Possible next step: Rethink traditional safety concepts…
Extend DBAs, as accidents beyond DBA do happen – Include them in regulations and regulatory oversight
– How to do: e.g., follow IAEA Design Extension Conditions
– But upgrade criteria, such as safety classification
Design systems to cope with severe accidents – As said, we have lots for LBLOCA, etc., but which systems mitigate
severe accidents?? (some countries have some, e.g. Sweden).
– Examples exist: AP1000, EPR, ESBWR, AES2006 (Russian design) Advanced core catchers in EPR and AES2006
Severe accidents have enormous economic and societal consequences: develop safety criteria
Redesign EOPs and SAMG, and outside support
Regulation: require sound demonstration of effectiveness – No small scale tests with ‘intelligent’ upscaling
SAMG lessons from Fukushima (1 of 4)
Many present SAMG has shortcomings, does not include:
Loss of AC, DC and cooling water, loss of UHS – instruments cannot be read, pumps cannot run, water tanks
unavailable
– extend mission times (SBO 24 hrs.?; cont. integrity > 24 hours)
– consider dedicated auxiliary equipment (e.g. bunkered decay heat removal systems)
– consider portable equipment, stored separately
– make sure communication tools (telephones) remain available
Shutdown states (with few exceptions)
Survival of needed SSC for SAMG – assume you have Passive Autocatalytic Recombiners (PARs), but
they are ripped off from the containment wall by a seismic event
SAMG lessons from Fukushima (2 of 4)
• Damage at all units on a site (so far only damage at one
plant on a site considered, with benefit from the other plants)
• Spent Fuel Pool (SFP) - Additional complication: SFP often outside containment
• Cooling with unborated water / dirty water / seawater - E.g., what will be the consequence of seawater in the core?
• Protection of compartments adjacent to containment against danger of leakages from containment (e.g. H2 !!) - E.g., containment vent line is damaged by seismic, so gases from
containment may be vented to other compartments
SAMG lessons from Fukushima (3 of 4)
• Recent severe accident research insights – present Technical Basis of SAMG for many plants is 20 years old
• Quantitative methods to estimate potential negative consequences of SAMG actions
• Develop tool to estimate major events and their possible consequences
– Time to core overheat, time to RPV meltthrough, time to contain-ment overpressure, timing and magnitude of potential releases
– Used at the site? Maybe better at dedicated institutes
• Organise high-level support from competent institutes
SAMG lessons from Fukushima (4 of 4)
• Extensive damage on- and off-site – Shifts cannot be replaced
– Support material cannot be brought to the site (e.g. diesel fuel)

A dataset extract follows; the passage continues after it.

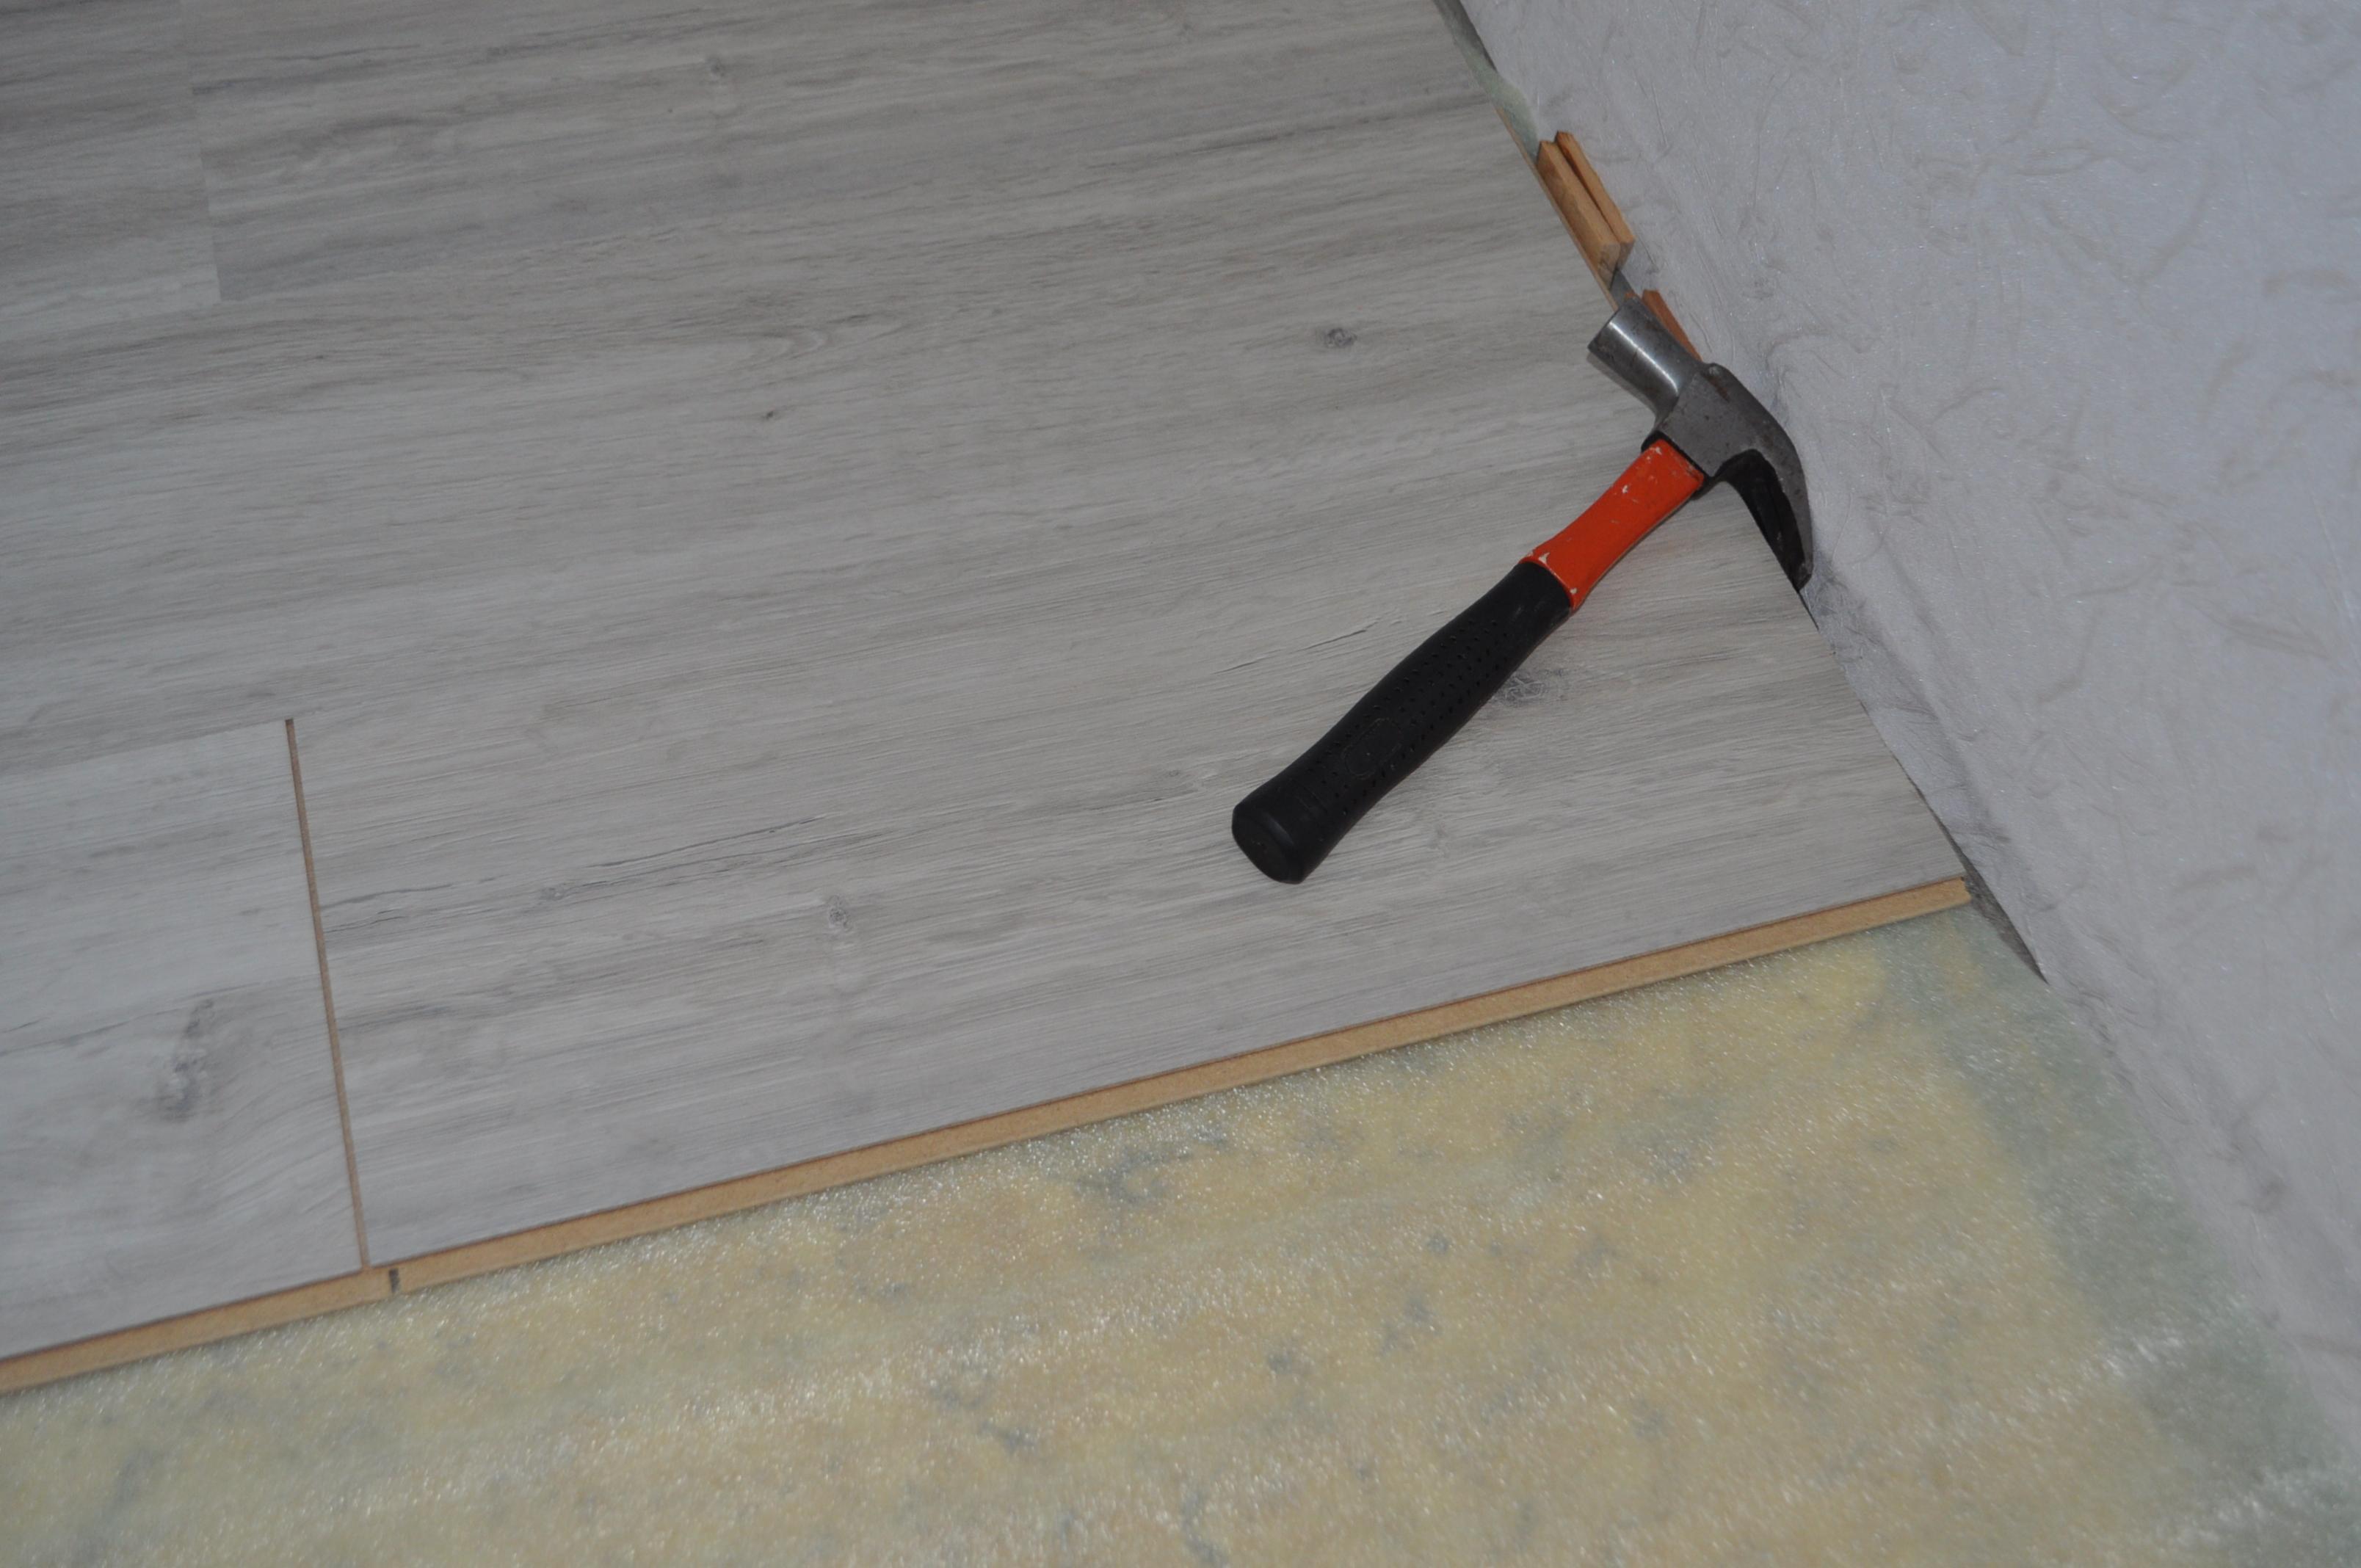 Укладка линолеума на линолеум (26 фото): можно ли стелить новое изделие на старое покрытие и в каких случаях нельзя

– Plant staff worries about relatives, friends
• Organise off-site support – Do not count on good will, make contracts
• Prepare for basemat failure – Make preparations to protect groundwater
- E.g., prepare for steel dam around the plant, or pouring additional concrete under the reactor
Conclusions
Severe accidents like Fukushima are wholly
unacceptable for their catastrophic societal and
economical consequences, even if no casualties.
The concept of DBA should be revisited: plants
should have demonstrated capability to mitigate
severe accidents.
SAMG needs extension, upgrading.
Work ahead: for industry, regulators, research.